The datasets can be used in the same way as PyTorch’s torchvision datasets. For example, to load the BIOSCAN-1M dataset:

from bioscan_dataset import BIOSCAN1M

dataset = BIOSCAN1M(root="~/Datasets/bioscan/bioscan-1m/")

for (image, dna_barcode), label in dataset:
    # Do something with the image, dna_barcode, and label
    pass

To load the BIOSCAN-5M dataset:

from bioscan_dataset import BIOSCAN5M

dataset = BIOSCAN5M(root="~/Datasets/bioscan/bioscan-5m/")

for (image, dna_barcode), label in dataset:
    # Do something with the image, dna_barcode, and label
    pass

Note that although BIOSCAN-5M is a superset of BIOSCAN-1M, the repeated data samples are not identical between the two due to data cleaning and processing differences. Additionally, note that the splits are incompatible between the two datasets. For details, see the BIOSCAN-5M paper.

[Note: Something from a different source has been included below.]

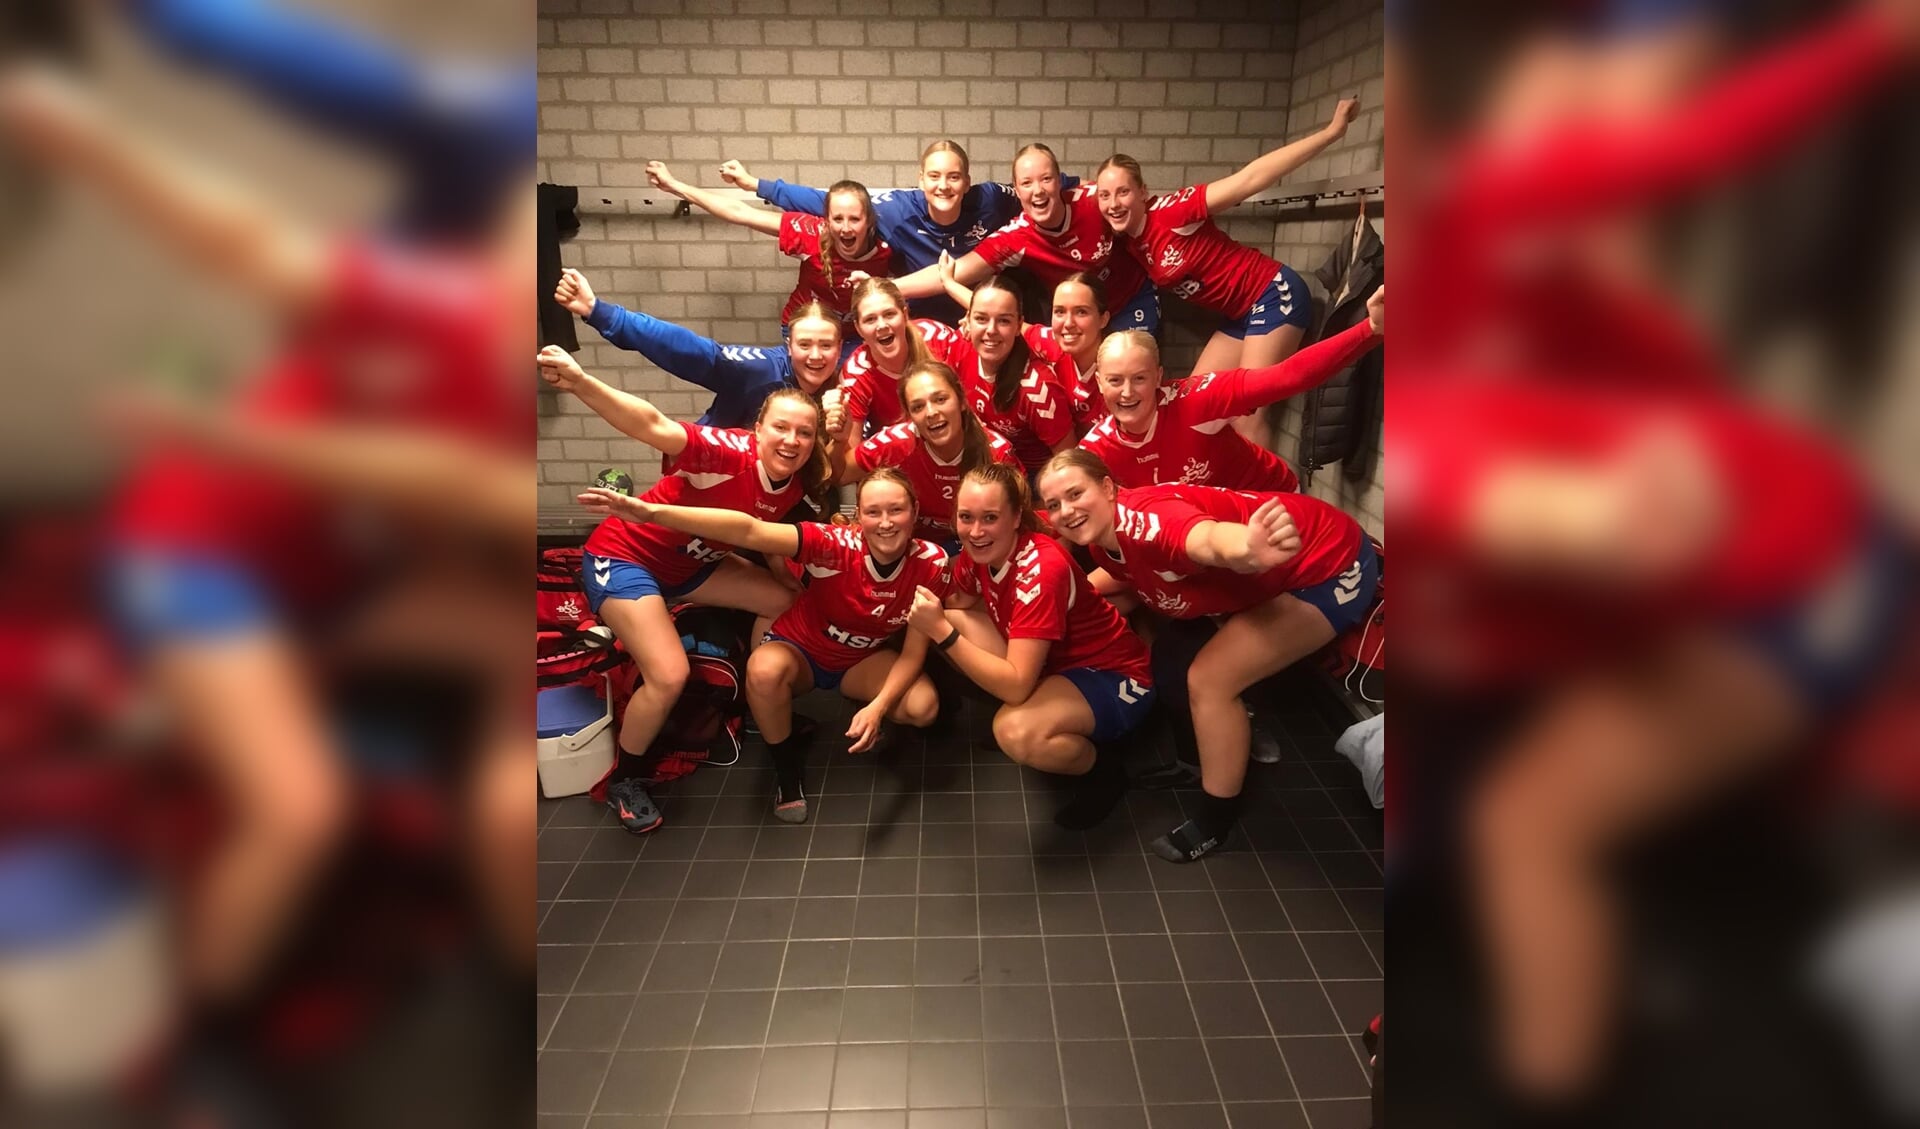 Blijdschap bij de handbalvrouwen van DSS Heemskerk na afloop. 
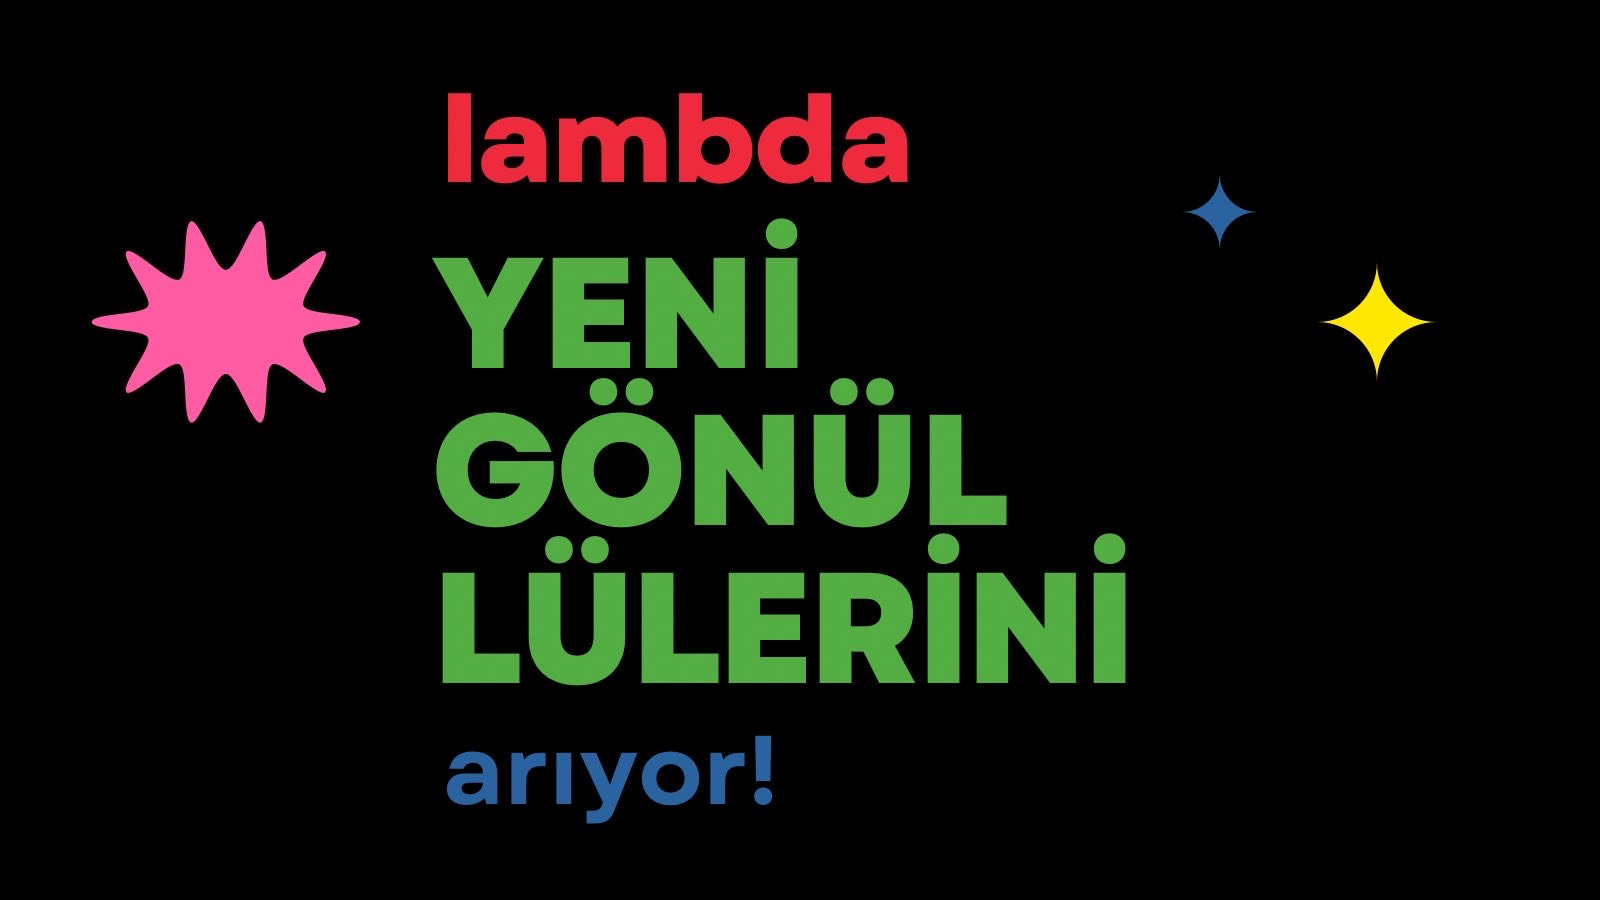 Lambdaistanbul yeni gönüllülerini arıyor Kaos GL - LGBTİ+ Haber Portalı

For these reasons, we recommend new projects use the BIOSCAN-5M dataset over BIOSCAN-1M.

Dataset download

For BIOSCAN-5M, the dataset class supports automatically downloading the cropped_256 image package (which is the default package). This can be performed by setting the argument download=True:

dataset = BIOSCAN5M(root="~/Datasets/bioscan/bioscan-5m/", download=True)

To use a different image package, follow the download instructions given in the BIOSCAN-5M repository, then set the argument image_package to the desired package name, e.g.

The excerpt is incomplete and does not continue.